Sensations are the initial sensory experiences that result from the activation of our sensory organs and the transmission of these signals to the brain. The brain then processes these signals, leading to the subjective experience of the sensation, ie what we perceive and interpret. For example, when you experience abdominal discomfort, your stomach or intestines are sensing activation of certain nerve receptors and sending those signals to your brain which is then interpreting these sensations. Oftentimes, the brain is not just interpreting sensations, but also adding in cognitive (thoughts and beliefs) and affective (feeling and emotional) components.
In order to learn to rewire our brain and change these experiences and interpretations, we need to learn to pause and increase our awareness of what is actually happening. So practice this the next time you experience a negative sensation:
- Notice and name what the actual sensations are: burning, sharpness, dullness, gurgling, fullness or tightness.

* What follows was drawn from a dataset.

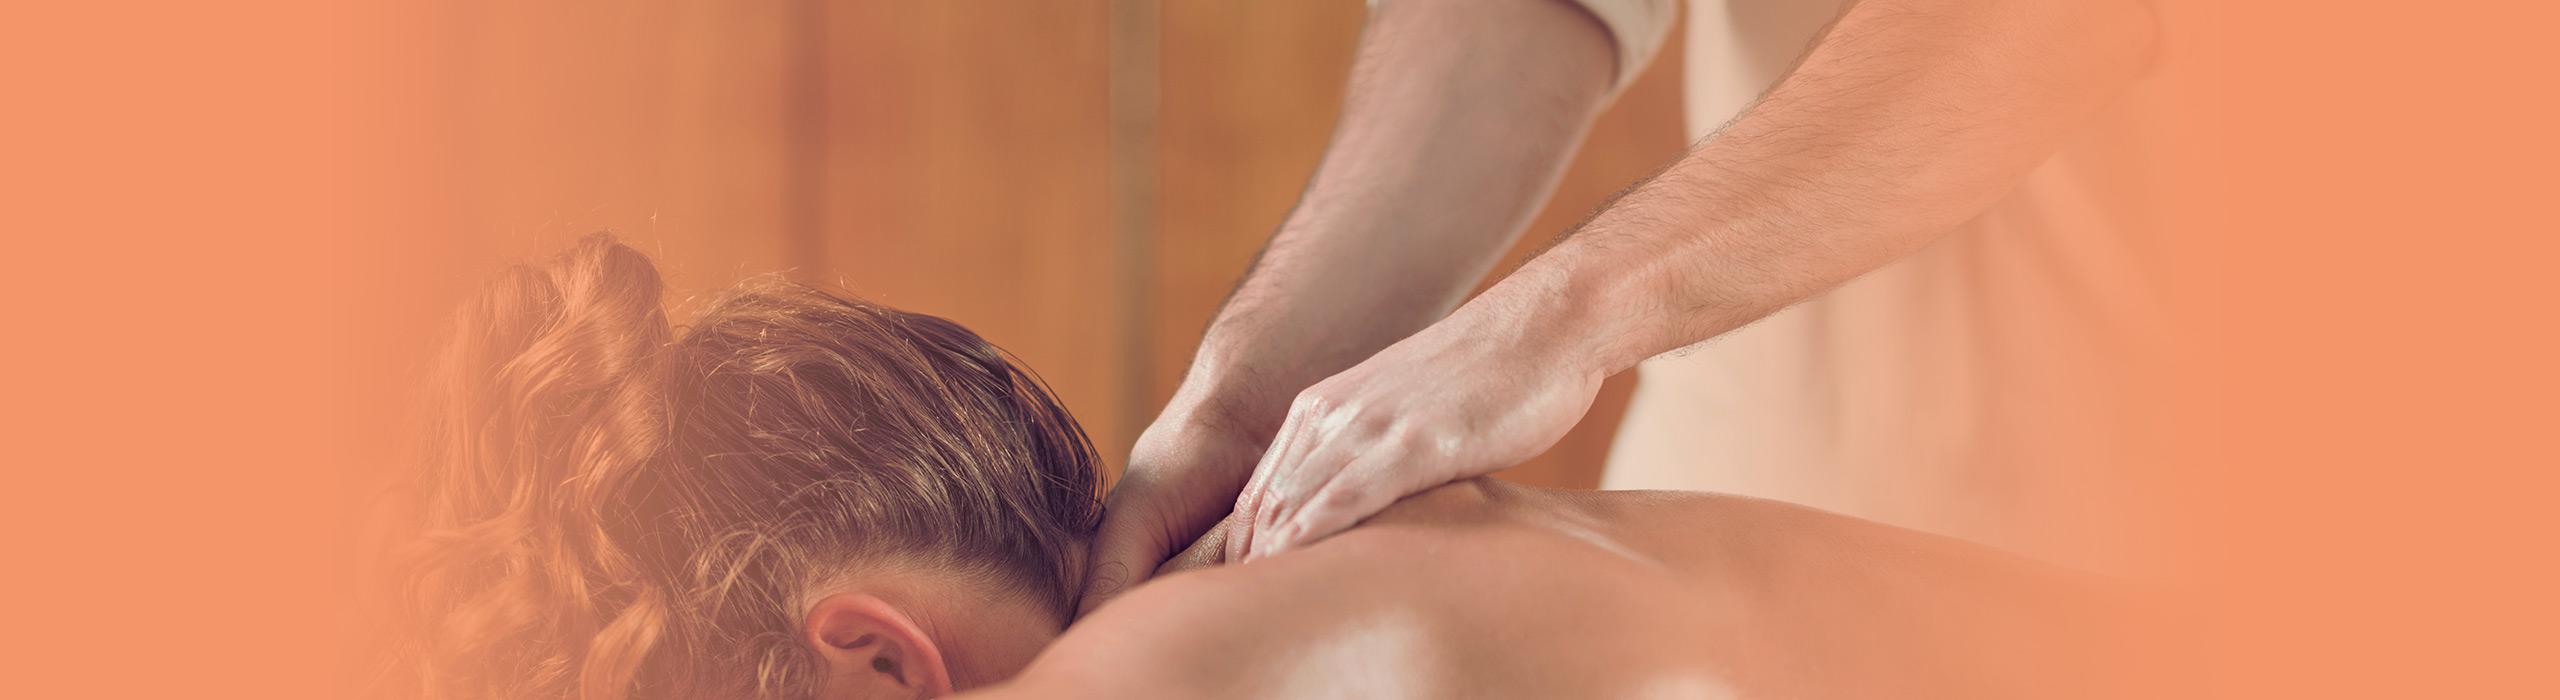 2016/06/massage.jpg

- Drop the additional thoughts and emotions for a moment.
- Lean into the sensation with patience, kindness and curiosity. Does your body need something to support it? Can you extend some self-compassion to what you are sensing? Can you breathe into the sensation and as you exhale release any tension there?
Our goal is not to get rid of sensations altogether, rather to learn to pause and lean into them. As you drop the negative story and feelings associated with the sensation, you can learn to stay curious and neutral which can then slowly break the intensity of the sensation. Particularly with chronic pain, the pathway is fear-pain cycle which replays over and over. Remind yourself that your path toward healing is a journey and involves taking numerous small steps forward.